When I’m enjoying a new project in this way it’s intoxicating. But I find that it’s really easy to just carry on without a break. This inevitably leads me to grow tired, which lets self doubt creep in. If I'm really exhausted, I begin to question my ability to finish or make something a success.
Doesn’t sound like much of a holiday does it?
Saving myself from burn-out
In order to maintain myself I’ve found that what I really need is to give my brain and my body a decent break every three months. This means breaking from both professional and personal projects.
As I’ve got to know myself better as an adult, I’ve realised that these breaks sustain me. They are my chance to hit the reset button, to talk for hours with friends and family with no agenda, to sleep for as long as I want to, to run for as long as I want to, to journal, to pick up a work of fiction instead of a business book, to get out of London and not face a tube ride. Essentially, freeing my mind and body from the schedules I have in my work life.

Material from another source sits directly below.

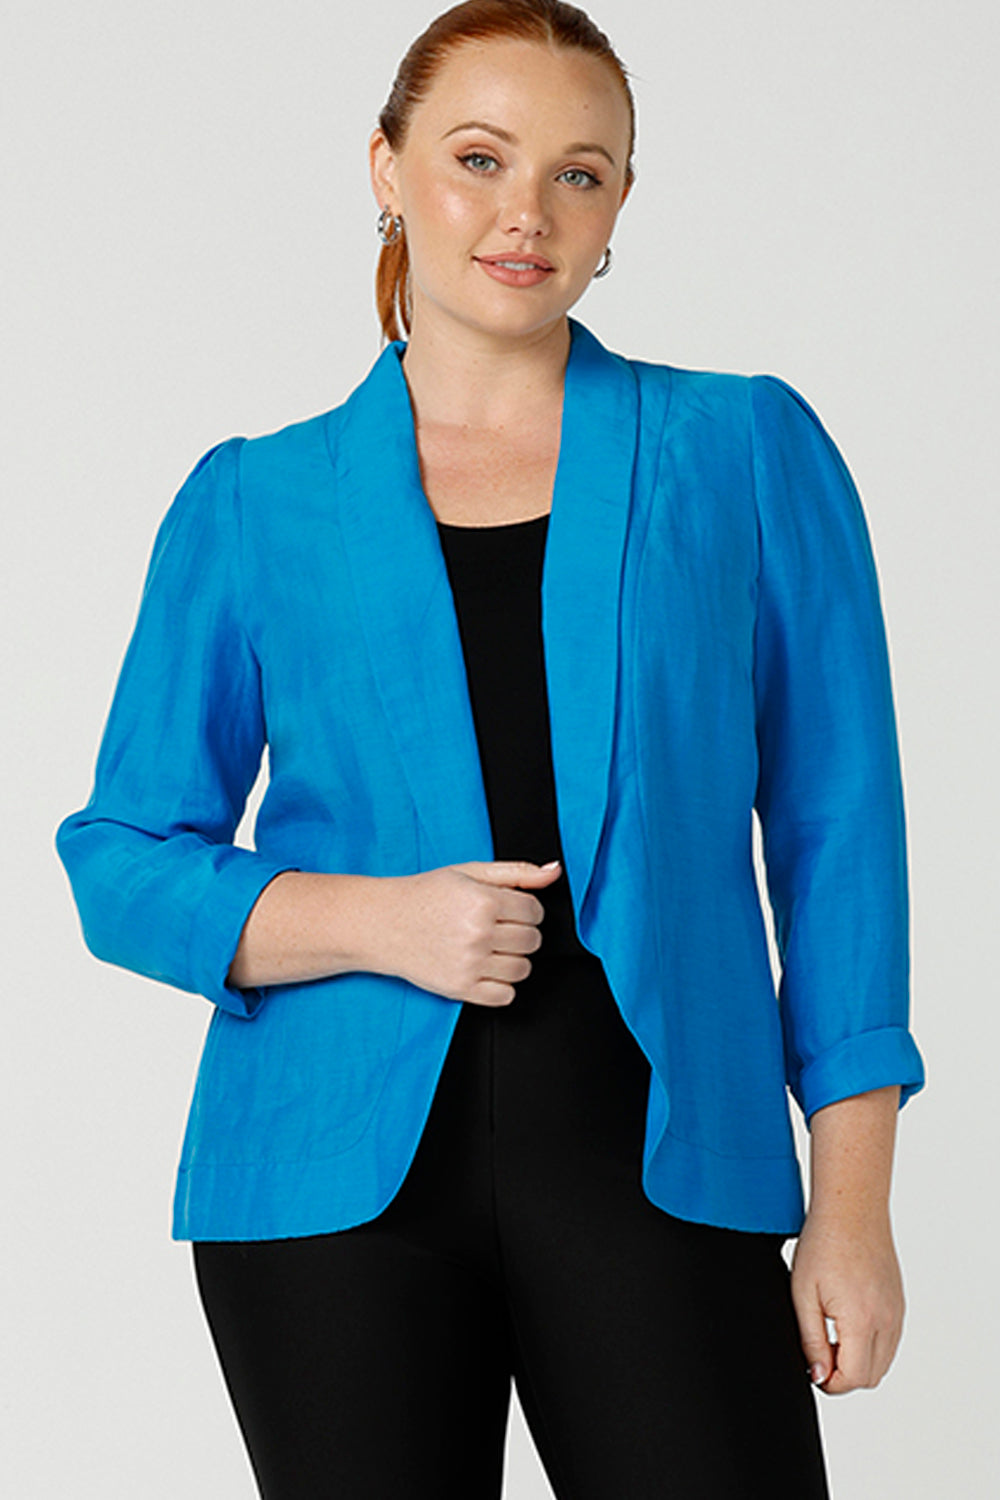 A curvy size, size 12 woman wearing a longline blazer in opal blue tencel fabric. This lightweight jacket is comfortable for your everyday workwear, casual and travel capsule wardrobe. Shop this Australian-made blazer online in sizes 8 to 24, petite to plus sizes.

I know this sounds really basic, but I genuinely enjoy my work as a designer. But I know that if I don’t take opportunities to switch off, I’ll burn out – and I don’t want that.
Reseting my creativity
Breaks fill up my creative cup because they help me reconnect with people and ideas I wouldn’t have had the opportunity to otherwise. New destinations and different languages give me the sense of adventure I need in my life. Different food and approaches to life help me see things differently. Being around different cultures makes me wonder about where else in the world I’d like to live one day, and how I could make that a reality.
These are all feelings that leave me with a sense of excitement about the future, about the possibilities. If I had my head stuck in a new project the whole time I wouldn’t get that.
Where shall I rest next?
I’m not saying that taking time out to pursue personal projects is bad. Not at all. I have many projects and future ideas. What I’m saying is that to keep momentum, to keep feeling inspired, to maintain the high standards I expect from myself, I need to have a rest.
This year I’ve been lucky enough to visit Copenhagen, Rome, Israel, Scotland and Jersey. Where are you going to hit reset and recharge your creative batteries?